When suctioning, ensure that the patient understands the importance of relaxing and breathing at a normal rate during the procedure.

Oxygenate the patient before and after the procedure and closely monitor the patient’s oxygenation status and heart rate.

Don appropriate personal protective equipment (PPE) based on the patient’s signs and symptoms and indications for isolation precautions.

OVERVIEW

Sputum is produced by cells lining the respiratory tract. Sputum production is minimal in the healthy state, but certain conditions can increase the amount or change the characteristics of sputum. Sputum collection may be used to diagnose and determine treatment for a respiratory infection.
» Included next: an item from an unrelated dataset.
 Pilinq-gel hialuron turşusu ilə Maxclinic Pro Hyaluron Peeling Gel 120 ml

In many cases, suctioning is indicated to collect sputum from patients unable to spontaneously produce a sputum sample for laboratory analysis. Although suctioning is a necessary procedure and generally well tolerated with minor discomfort, there may be complications associated with sputum collection with suctioning. Suctioning may provoke violent coughing that may lead to vomiting or spasms of the pharyngeal, laryngeal, and bronchial muscles.undefined#ref4">4 In addition, suctioning may cause hypoxemia or vagal overload, causing cardiopulmonary compromise and increases in intracranial pressure.1

The oropharynx can be suctioned using a rigid tonsil tip suction catheter or Yankauer suction catheter before sputum collection from the lower airways. The lower airways may be suctioned through the nose (nasotracheal suctioning) or through an artificial airway (endotracheal or tracheostomy tube suctioning). The two techniques used for artificial airway suctioning for sputum collection include the open method (Figure 1)Figure 1, which requires that the patient be removed from the ventilator and the closed method (Figure 2)Figure 2, which uses a sterile, sleeved inline closed suction catheter that does not require disconnection from the ventilator. Sputum collection should be performed using proper sterile technique, so that the sputum specimen is fresh and uncontaminated.
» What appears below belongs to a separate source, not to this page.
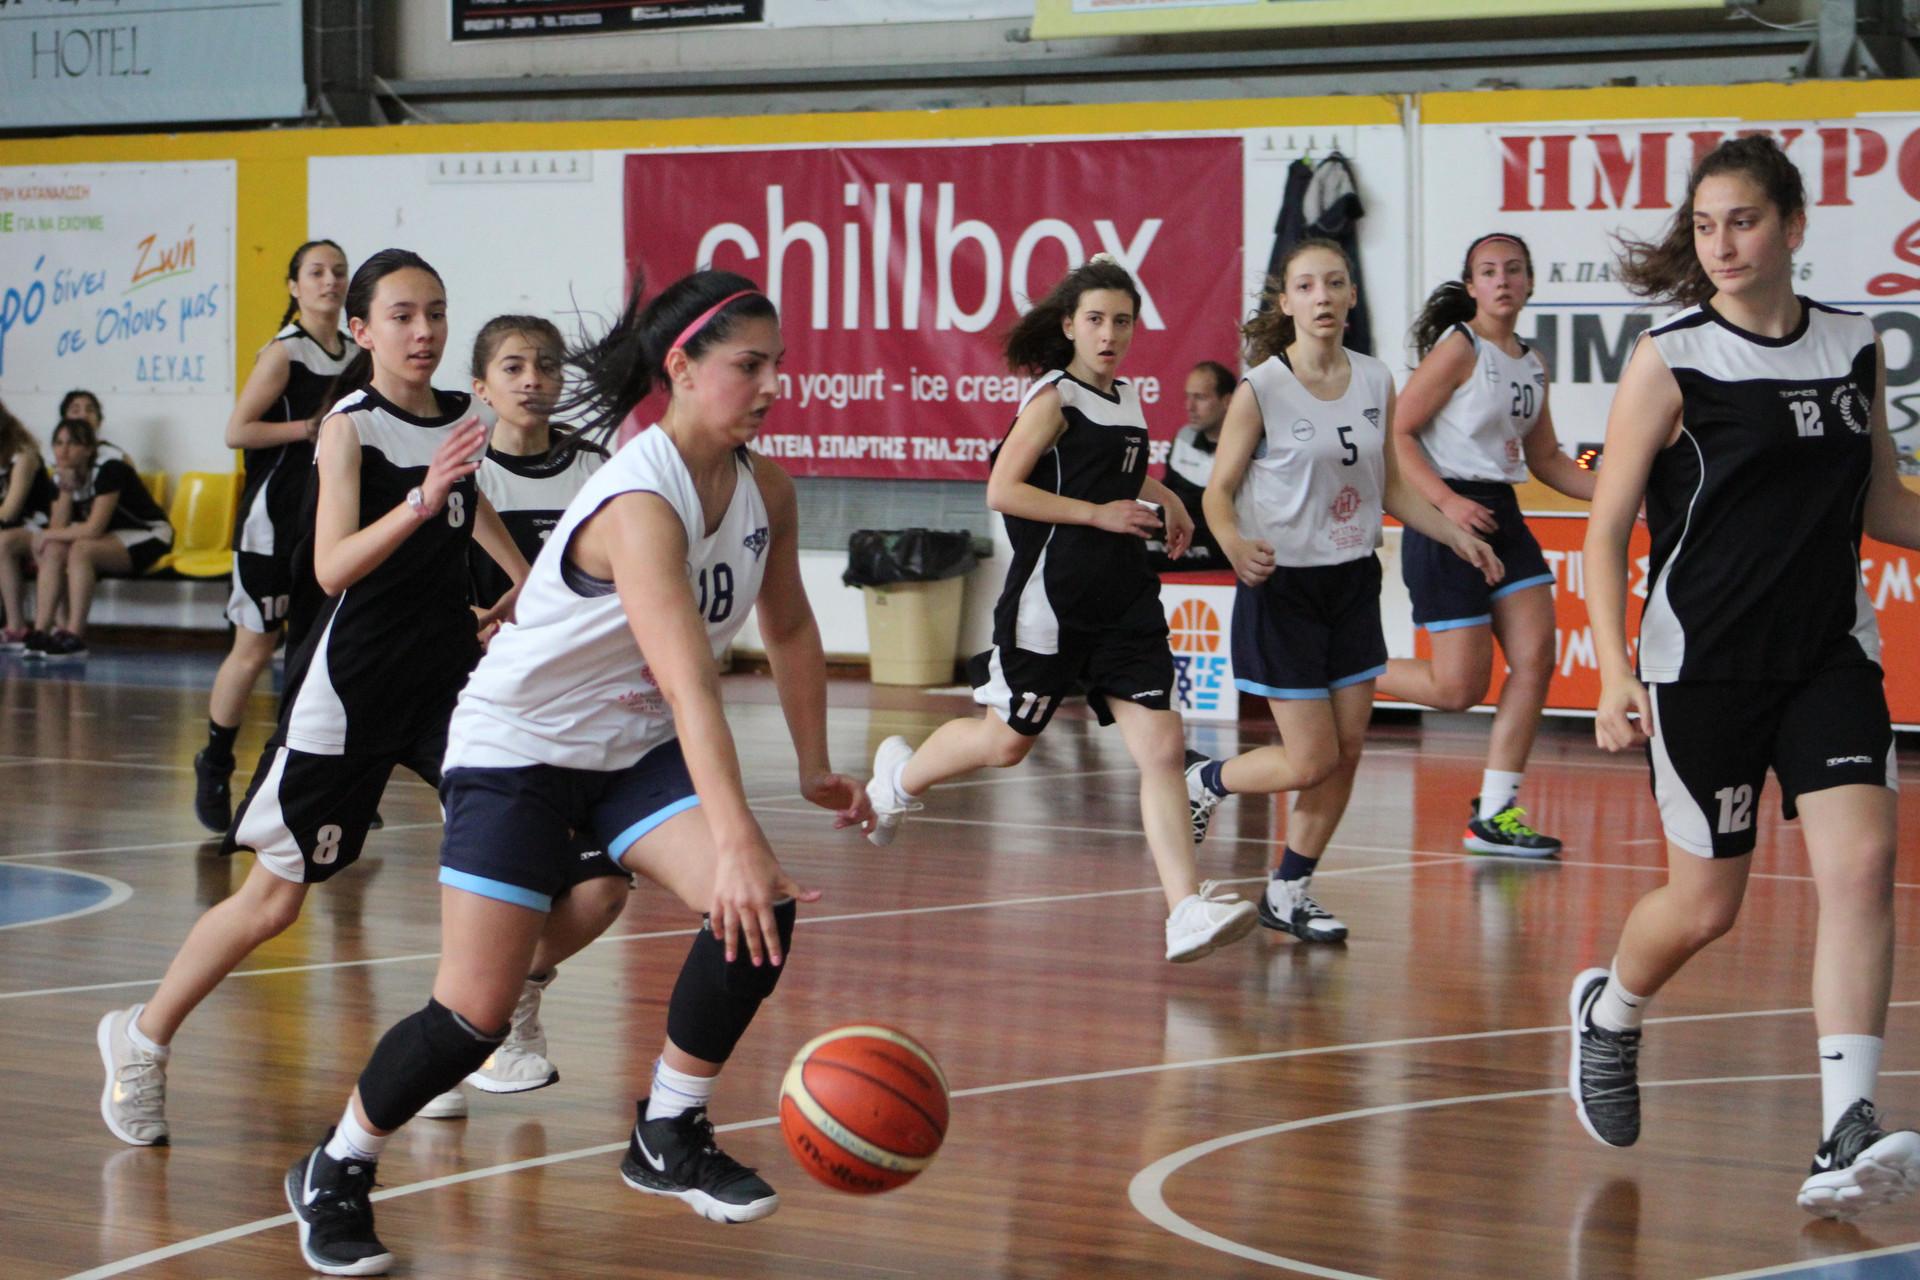 super-league-athletic-academy-athens-tour-2019-day-1_46762659215_o

Sputum specimens may be collected for many reasons but the most common are microscopic examination using a direct smear and culture and sensitivity. The direct smear uses a staining method that helps determine the type or shape of microorganism in the specimen. The culture and sensitivity identifies specific microorganisms that cause the respiratory infection and helps to determine the most effective antibiotic treatment.2

EDUCATION

  • Provide developmentally and culturally appropriate education based on the desire for knowledge, readiness to learn, and overall neurologic and psychosocial state.
  • Explain to the patient and family that coughing, gagging, or (less common) sneezing can occur as a result of the cough reflex.
  • Explain to the patient and family that the use of suctioning is a necessary part of patient care.
    • Suctioning removes mucus from the airways to prevent infection and make breathing easier.
    • Suctioning is a way to collect a sputum (mucus) sample from the lungs to determine if there is a respiratory infection and the best way to treat it.
  • Demonstrate the proper splinting technique for postoperative patients.
  • If aerosol treatment is indicated, teach the purpose of the procedure. Explain that the aerosol treatment may loosen the mucus and stimulate coughing so that it is easier to obtain the sputum specimen.
  • Encourage the patient to cough during the procedure to assist in expelling mucus from the upper airway.
  • Encourage questions and answer them as they arise.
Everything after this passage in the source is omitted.